Probably just 1018, but if you wanted something a littler stouter, 4140HT isn't too costly, and is significantly harder.


----------



## Aukai (Jun 16, 2020)

Is one cap machined, and the other button threaded on? I have not turned 1018, I have turned 4130, is 4140HT significantly harder to work?


----------



## ErichKeane (Jun 16, 2020)

4140HT turns pretty easy, its only 35 Rc, so better than most steels but somewhat prehardened.  I just use HSS, and turn slightly slower than 1018.

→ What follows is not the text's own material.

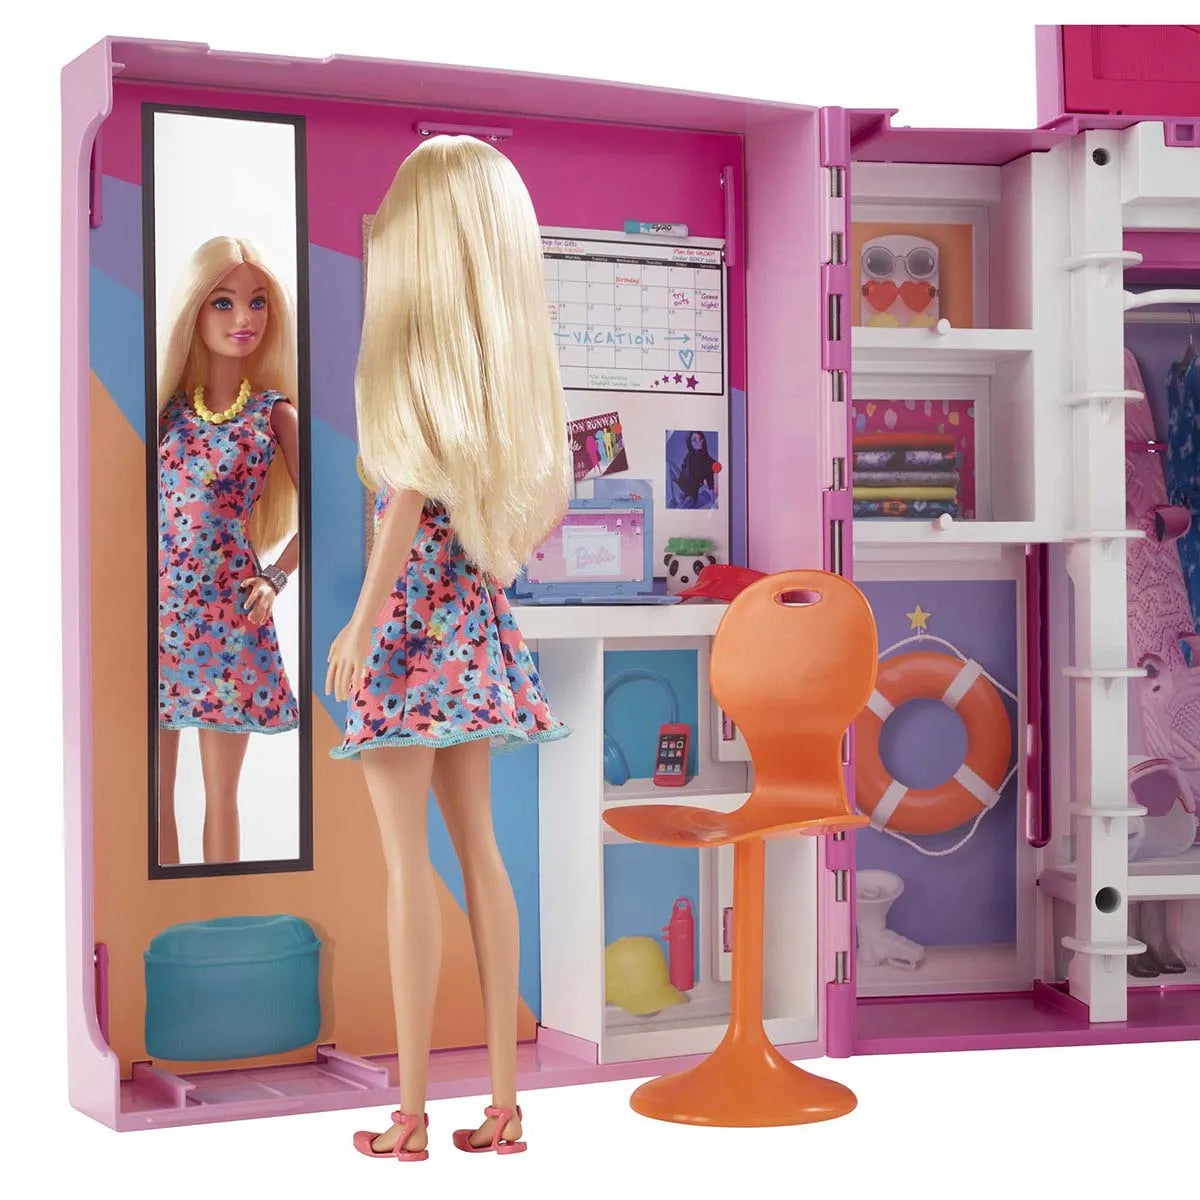 Barbie Fashion Y Beauty: Barbie Dream Closet Nuevo

The buttons are attached in a variety of ways, I've seen them peened on, machined on, or screwed on.  If it were me, I'd screw on both sides and just loctite it to stop it from spinning off.  That way the next guy doesn't have to cut it off.


----------



## Aukai (Jun 16, 2020)

Thank you, I just measured the hole with a transfer punch at .500, I'm wondering what the actual size a 1/2" extension is, and what material? Otherwise I need to do online ordering.


----------



## ErichKeane (Jun 16, 2020)

The extension is probably a decently high quality metal, something like chrome-vanadium (which can be VERY hard, you'd better cut it with carbide!), though note that the round section isn't going to be 1/2", since thats the dimension across the flats.  Its more like .700" around.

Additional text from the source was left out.